Compassion and respect for patients are universal practices.
In an overlooked corner room of Webuye County Hospital in western Kenya, I am seeing patients with Dr. Hussein Elias in clinic as part of his third-year residency outpatient rotation. A fifth-generation Kenyan who completed medical school in Russia (after only a few months of intensive Russian classes), he maintains an infectious enthusiasm for his work despite the many anxious and ill-appearing patients waiting to see him.
As is common in Kenya, Hussein worked for several years as a general practitioner in various settings around the country after his internship year, before he decided his career was “stagnating” and chose to pursue his family medicine residency (Master of Medicine degree) at Moi University. As the only residency based at this rural community hospital, Hussein and his co-residents manage complex cases every day across the clinics, wards, and operating rooms using limited and unpredictable resources.
I am privileged to be in Webuye working with my Kenyan family medicine resident counterparts as part of the AMPATH (Academic Model Providing Access to Healthcare) consortium—an almost-three-decade-old partnership among Moi University School of Medicine, Brown University, and several other North American institutions that work together to deliver health services, conduct health research, and develop health care leaders in North America and Africa. This collaboration has provided a transformative experience for Brown trainees. Despite the confidence gained in my clinical skills back home with each year of residency, seeing patients with Hussein in his clinic is a humbling opportunity to reflect on my own practice.
Our next patient is a 53-year-old female with stage III cervical cancer here for follow-up. Her prognosis is poor, despite several rounds of chemotherapy in neighboring Uganda, made possible by selling her only piece of land. With low rates of cervical cancer screening and awareness, the disease ranks as the most frequent cancer among women in Kenya, and survival rates are generally low because by the time many women see a doctor, the disease has advanced. Hussein is acutely aware of her dire situation, yet his eyes light up in anticipation when her paper chart is handed to him.
Earlier this year, Hussein’s program director chose him to head the hospital’s fledgling hospice and palliative care program. With no hospice facility in the county and only one dedicated staff nurse, this was not an easy task. He quickly realized the significant need for palliative care in the hospital’s catchment, and through his own initiative he applied for and received a grant to train health care workers across the county to improve awareness and create linkage to care.

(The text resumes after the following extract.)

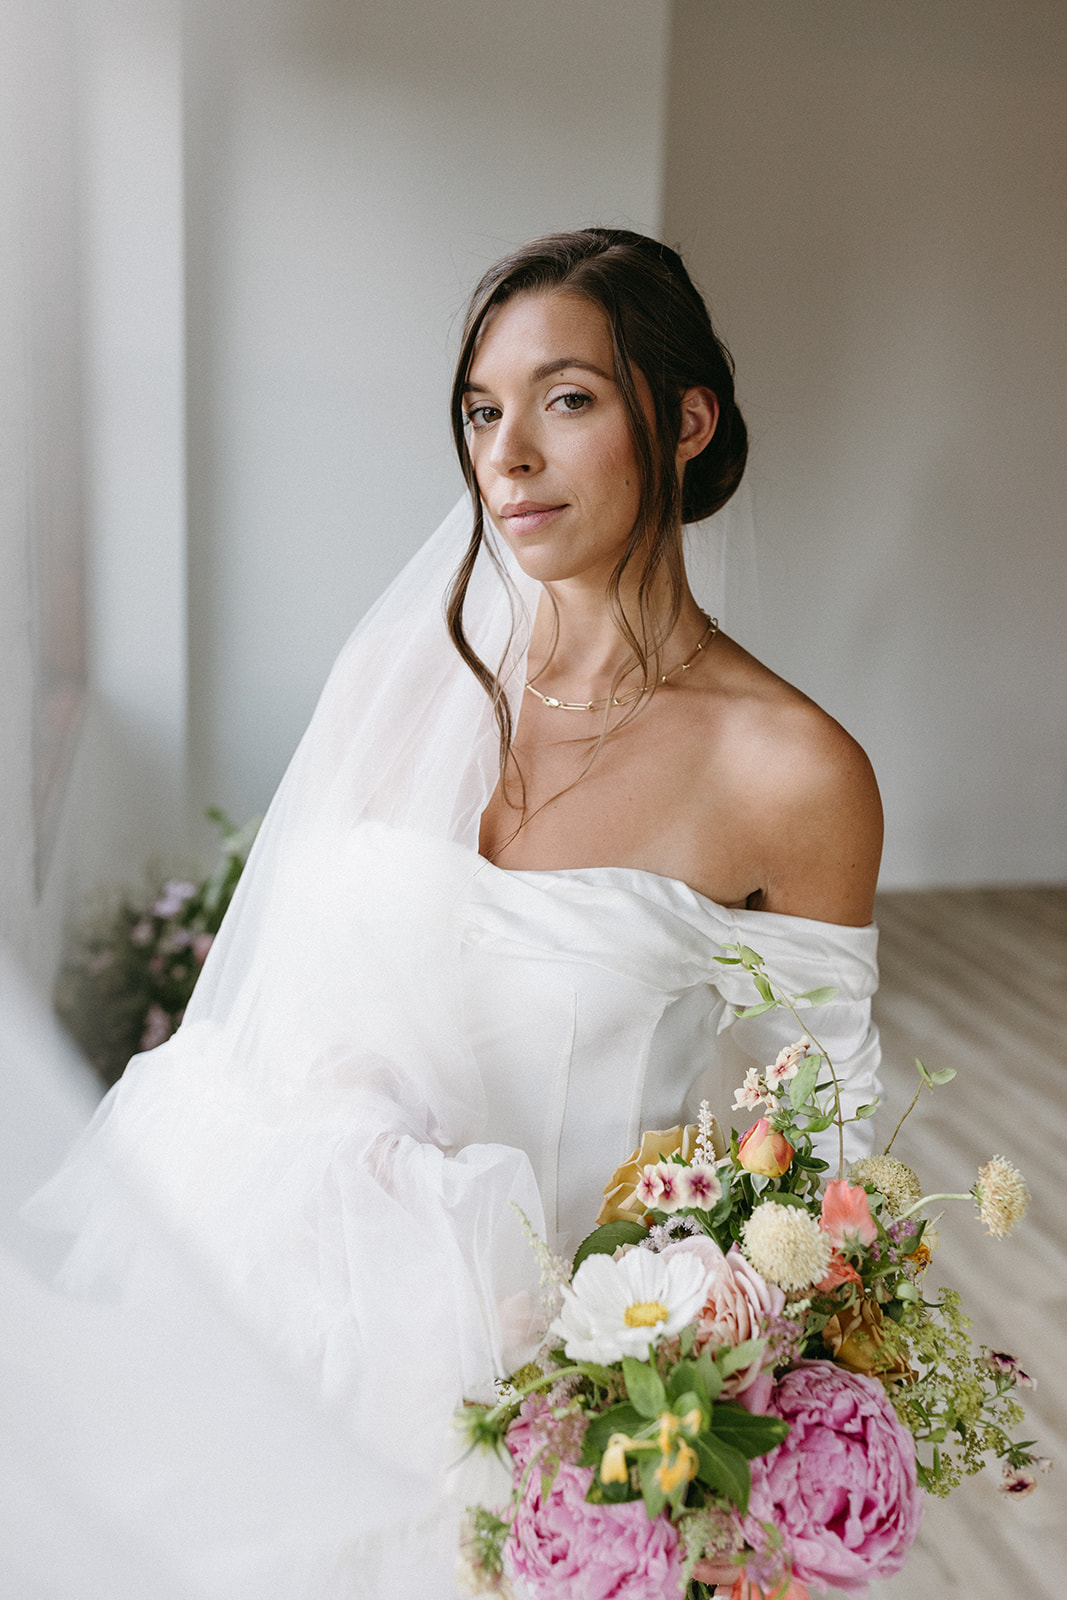 A elegant wedding portrait of a woman holding a bright bridal bouquet, wearing an off-the-shoulder wedding gown and veil

Hussein steps out to invite the patient, accompanied by several family members, into his office. She appears frail but smiles warmly as she takes a seat. He greets her affectionately in Swahili. At the last visit, she had learned for the first time about the terminal nature of her illness. Hussein tells me she was upset but also relieved to find out she could choose to continue aggressive treatment or not. She returned today with her family to meet the doctor who was honest with her and helped bring some happiness to her life again.
Many thousands of miles away from my own clinic, I am reminded how some moments in medicine seem to transcend all borders.